Extraits du Nouvel Observateur : Semaine du jeudi 3 janvier 2002 - n°1939 - DossierQue de progrès, dans nos sociétés, depuis deux siècles! Et pourtant...Un entretien avec Boris Cyrulnik 

Le Nouvel Observateur. – Vous avez beaucoup écrit sur l’aptitude au bonheur de ceux que la vie paraissait condamner au malheur, ceux qu’on appelle les «résilients», les rescapés du malheur. Et beaucoup écrit aussi sur l’inaptitude au bonheur de ceux qui ont, comme on dit, «tout pour être heureux». Au fond, quel est cet état qu’on nomme bonheur?

 Boris Cyrulnik. – Je commencerai par une anecdote. Un jour, un labo m’a demandé de faire un enseignement postuniversitaire à des généralistes. J’ai proposé de noter pendant deux mois les phrases amusantes ou pénétrantes de mes patients, pour les commenter avec les médecins. J’en ai rempli plusieurs petits carnets. Parmi ces phrases, il y en a une qui revenait régulièrement et que je notais toujours avec le même étonnement: «J’ai souvent connu le bonheur, mais ça ne m’a jamais rendu heureux.» Comment expliquer cette phrase?«J’ai souvent connu le bonheur»: autrement dit, j’ai souvent connu des situations qui correspondaient à l’idée, à l’anticipation que j’avais de ce qu’il faut pour être heureux. Pauvre, je rêve que si j’étais riche, je serais heureux. Handicapé physique, je rêve que si j’avais mes deux jambes, je serais heureux. Ou bien encore – je pense à un patient particulier: si je suis reçu à mon concours (il a été admis dans une grande école), si je suis nommé dans le Midi (il a été nommé dans le Midi), si je peux travailler dans cette entreprise (il a été nommé dans cette entreprise), je serais heureux. Il a réalisé ses morceaux de rêve, donc il «a connu» le bonheur… et il n’était pas heureux. Parce qu’au cours de son histoire personnelle, il avait appris à ne pas être heureux.
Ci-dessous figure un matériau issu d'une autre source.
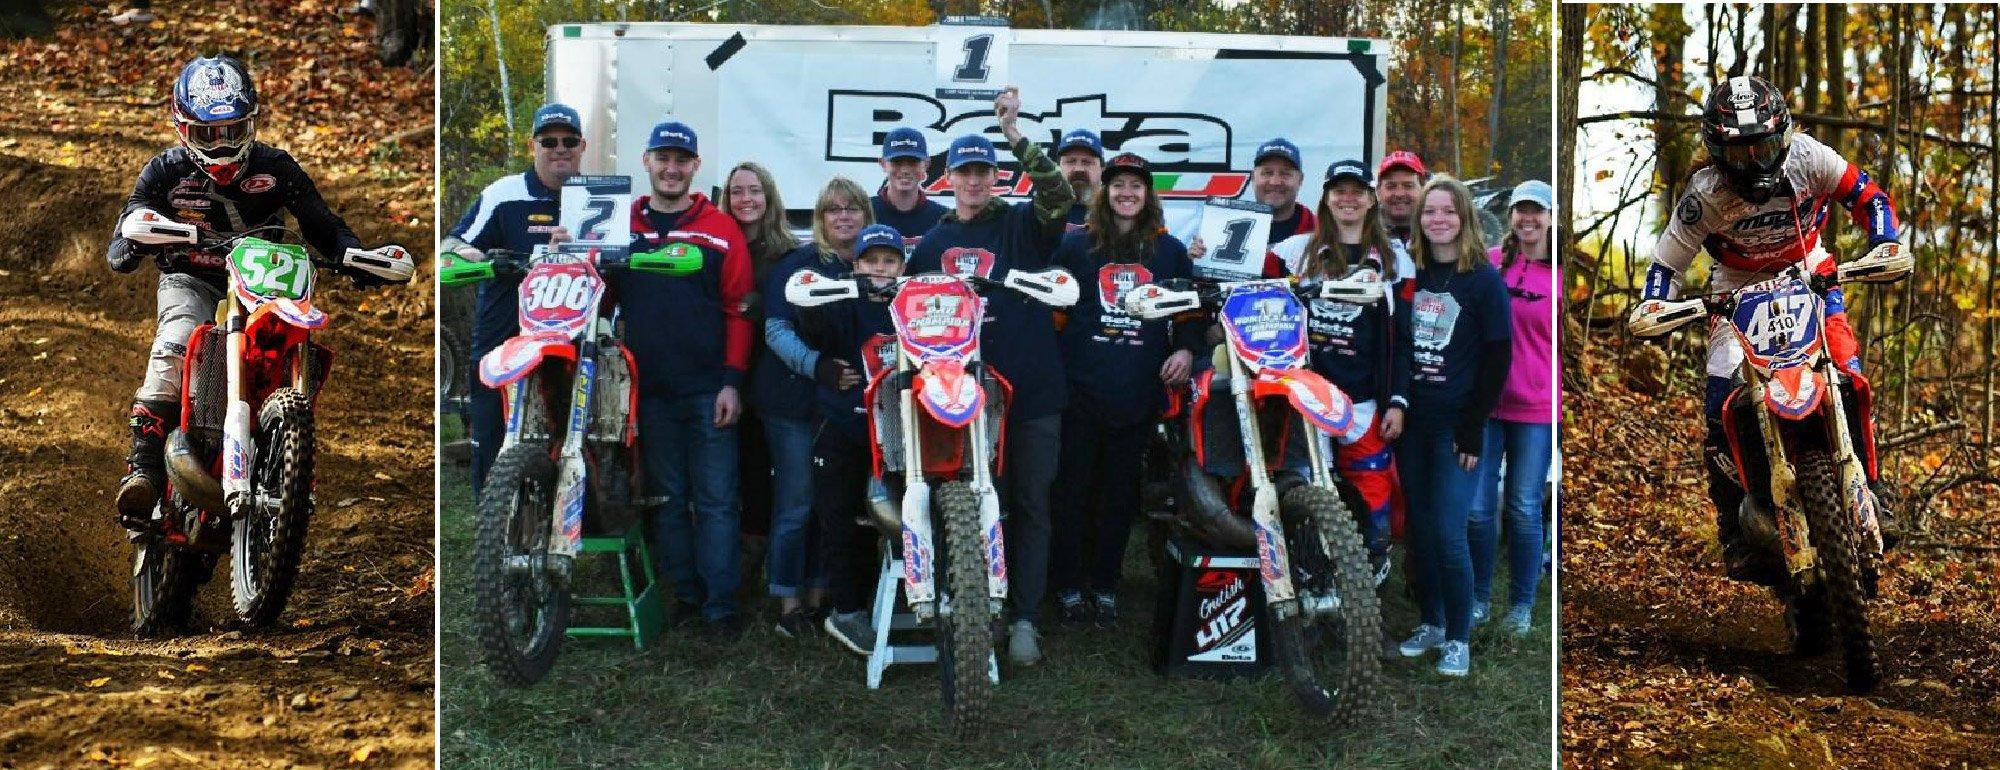 Beta motorcycle USA - Blog Championship Photo_Champ 5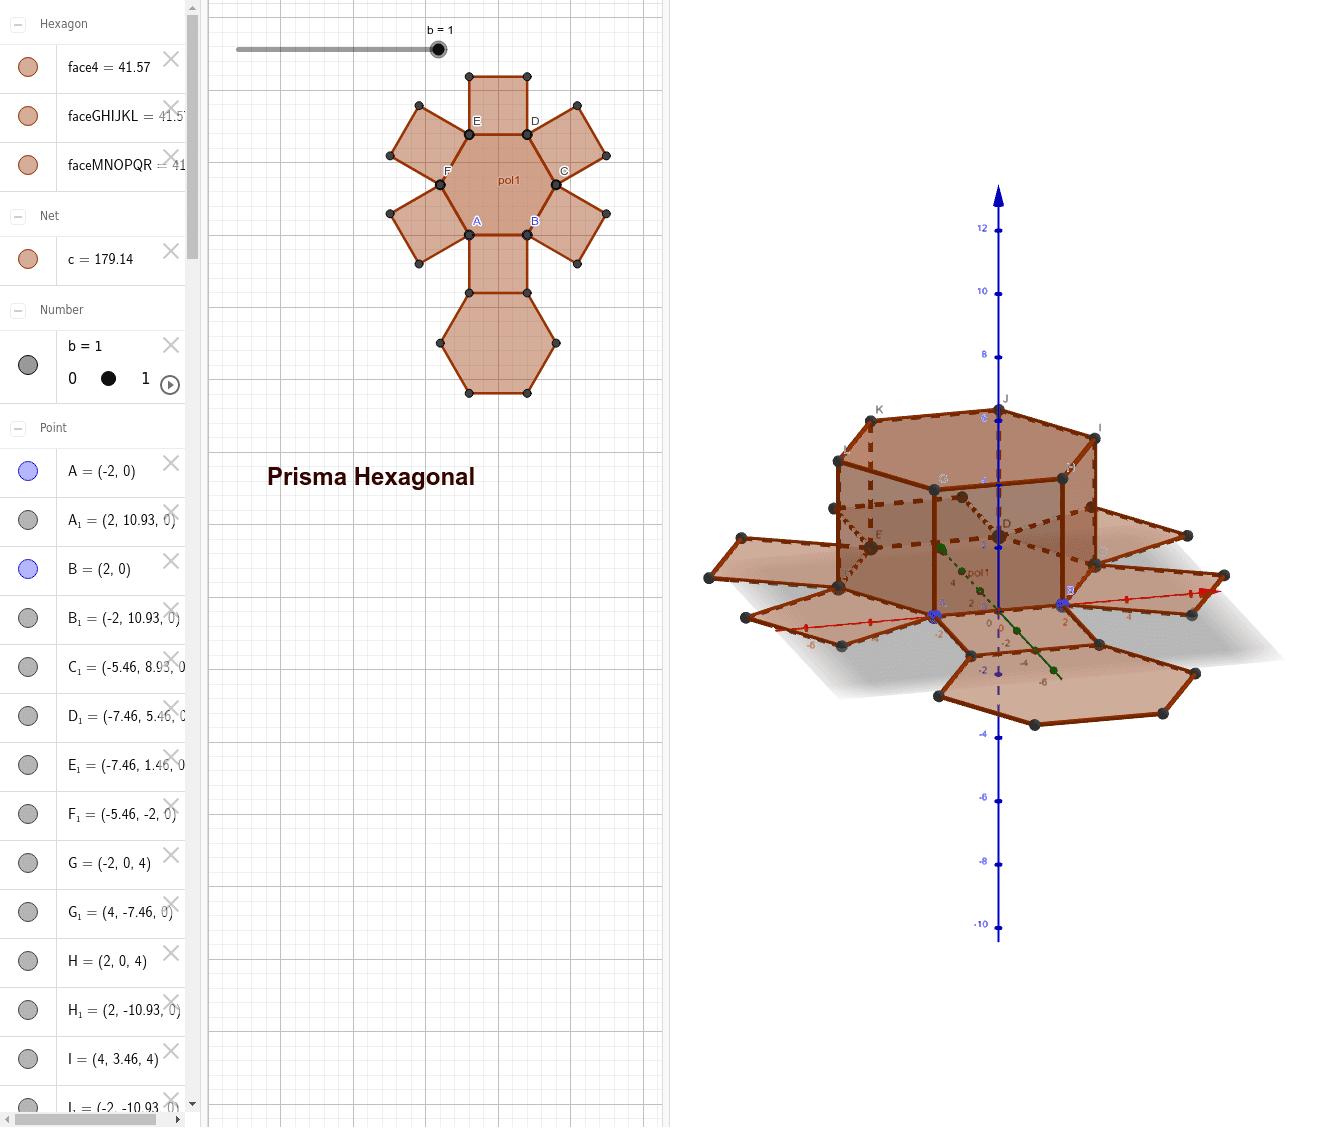 Prisma Hexagonal Press Enter to start activity

Quand il était enfant, ses parents étaient très souvent absents; il avait vécu de longues périodes d’isolement, se réfugiant dans les livres pour échapper à la souffrance. Ce qui s’était imprégné ans sa mémoire, c’était une manière d’aimer insécure: on ne peut pas m’aimer, je ne suis pas aimable; la preuve, c’est que ceux que j’aime me laissent pour courir le monde. Donc si, par malheur, j’aime quelqu’un, il va me quitter. Comme c’était un petit garçon intelligent, il avait pu cacher sa peur de vivre et sa peur de la société en devenant anormalement bon élève. Grâce à quoi il avait réalisé ses rêves… et il était malheureux. Parce que sa mémoire était imprégnée d’une inaptitude à être heureux.

 

N. O. – Peut-être était-il malheureux, aussi, non pas malgré mais à cause de ses succès? N’y a-til pas une forme de malheur, ou de non-bonheur, qui vient de ce que l’accomplissement de nos rêves nous laisse en panne de désir?

 

B. Cyrulnik. – Beaucoup de gens, en effet, sont tristes après la réalisation d’un projet. Les étudiants, le lendemain d’un examen, disent: je flotte, ma journée est vide. Ils trouvent rapidement autre chose à faire parce qu’ils sont jeunes et qu’ils ont des plaisirs et des soucis: de quoi faire une vie. Mais beaucoup dépriment après un accomplissement. Un ami, qui venait de faire une très belle exposition de peinture, m’a dit récemment: c’est un bonheur et je sais que je vais avoir six mois de dépression…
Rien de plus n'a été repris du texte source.